Eight college students from around Colorado interested in environmental issues Wednesday got a one-hour history lesson about efforts to protect the Hermosa Creek watershed as well as a 30-minute flight over the terrain in question.
The visit was sponsored by Eco Flight, a 12-year-old Aspen-based nonprofit dedicated to educating about and advocating for the environment through flying.
Durango businessman Ed Zink, who was born and reared just south of Hermosa, and Jeff Widen, an associate director with the Wilderness Society in Colorado, described the community efforts leading to introduction of legislation in Washington to protect the Hermosa Creek drainage.
The 107,000-acre drainage, all in the San Juan National Forest, includes 68,000 acres designated as a Special Management Area, with 43,000 acres of that managed as road-free but open to mountain biking and other uses. There would be 38,000 acres of new wilderness.
John Whitney, a Durango-based aide to U.S. Sen. Michael Bennet, D-Colo., and Darlene Marcus, a Cortez-based aide to U.S. Rep. Scott Tipton, R-Cortez, explained the current standing of parallel bills introduced by their bosses to protect Hermosa Creek.
Approval of the twin bills is no slam-dunk, the four speakers said.

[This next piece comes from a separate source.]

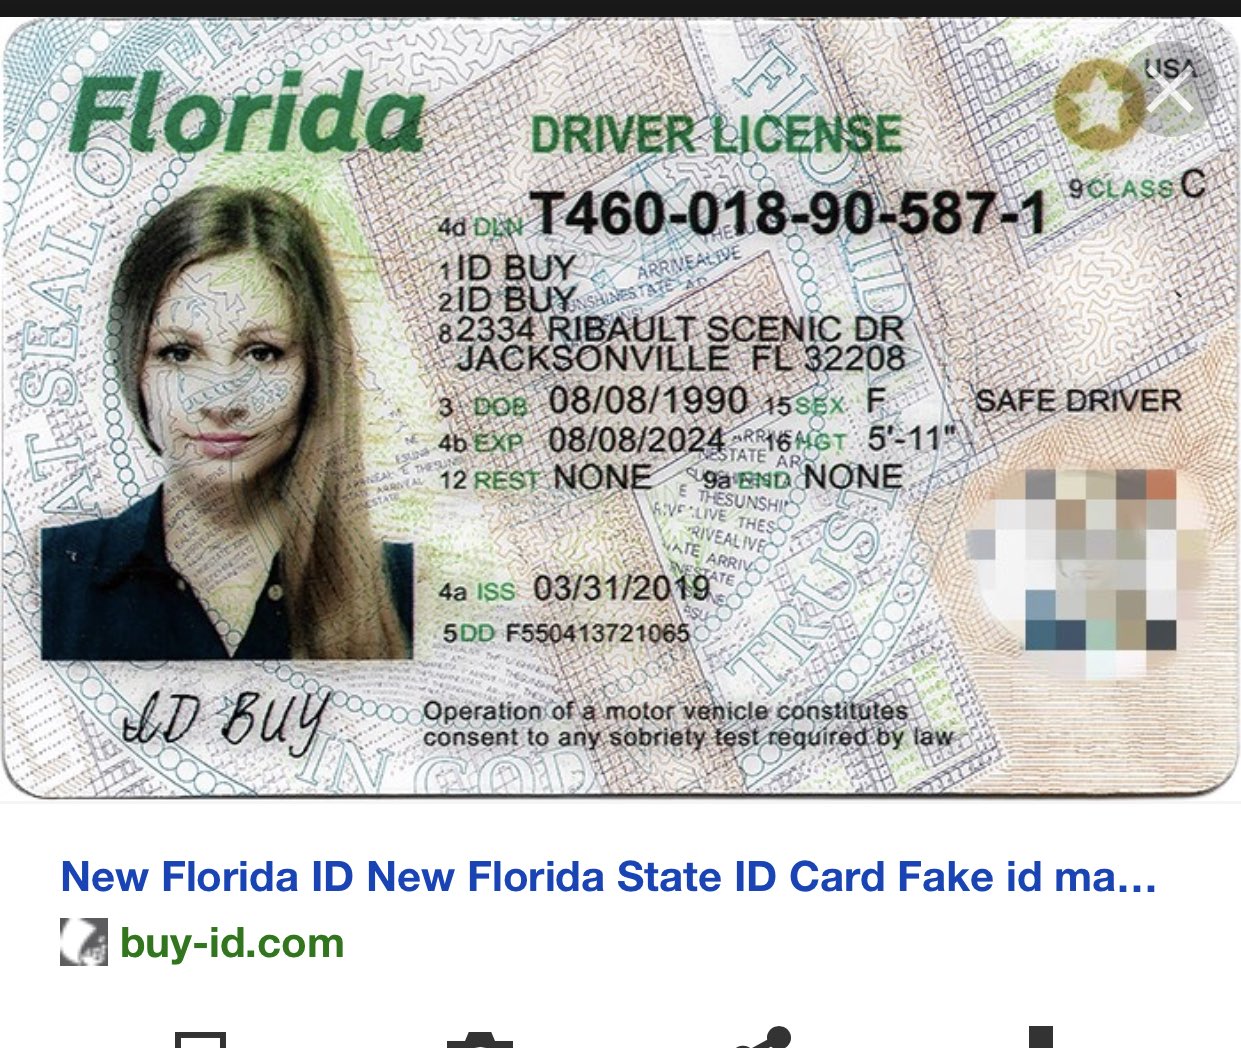 T license. Florida Driver License. Florida ID. USA ID Card Florida. American Driver License Florida.

Ideology and partisan politics in the nation’s capital stand in the way.
Wilderness designations are hard to come by, said Widen, who has worked in wilderness advocacy for 25 years. “Even with local support from all interested parties there is no guarantee the legislation will be approved.”
The Hermosa Creek drainage, easily accessible from Durango, became the site of sheep and cattle grazing and mining as soon as the region was settled in the late 1800s, Zink said.
A century later, hikers, skiers, hunters, anglers, motorized vehicle enthusiasts, water agencies and the U.S. Forest Service have discovered that they liked the area as well.
As exploitation of the drainage increased, users realized that adversarial positions would lead only to hardline stances, Zink said.
They decided to work together instead of at cross purposes, he said.
Efforts to protect Hermosa Creek, an important tributary to the Animas River, would require managing land uses over the entire watershed, they realized. Studies were done, then revisited over the years.
In recent times, mistrust of the political system brought the decision to get federal legislation to protect the watershed instead of counting on a bureaucracy.
The first attempt failed in the last Congress when a Bennet bill didn’t get out of committee. The current effort by Bennet and Sen. Mark Udall, D-Colo., and Tipton in the House awaits action.
“This is a stellar example of a cooperative effort,” Widen said. “No one got everything they wanted or even liked, but everyone can live with what was agreed on.”
Whitney said the job in Washington is to turn community consensus into legislation that can win approval.
“We took the final report from the Hermosa Creek committee – we call it the Bible – and will convert it to legislation,” Whitney said.
On Nov. 20, a Senate committee is scheduled to hear the bill.
The proposed Hermosa Creek Watershed Protection Act would create two areas – wilderness to the west and the special management area to the east. The latter would allow motorized recreation, selective timber cutting and mountain biking.
Whitney said it used to be easy to get single legislation approved if local Senate and House members were in agreement. But no longer, he said.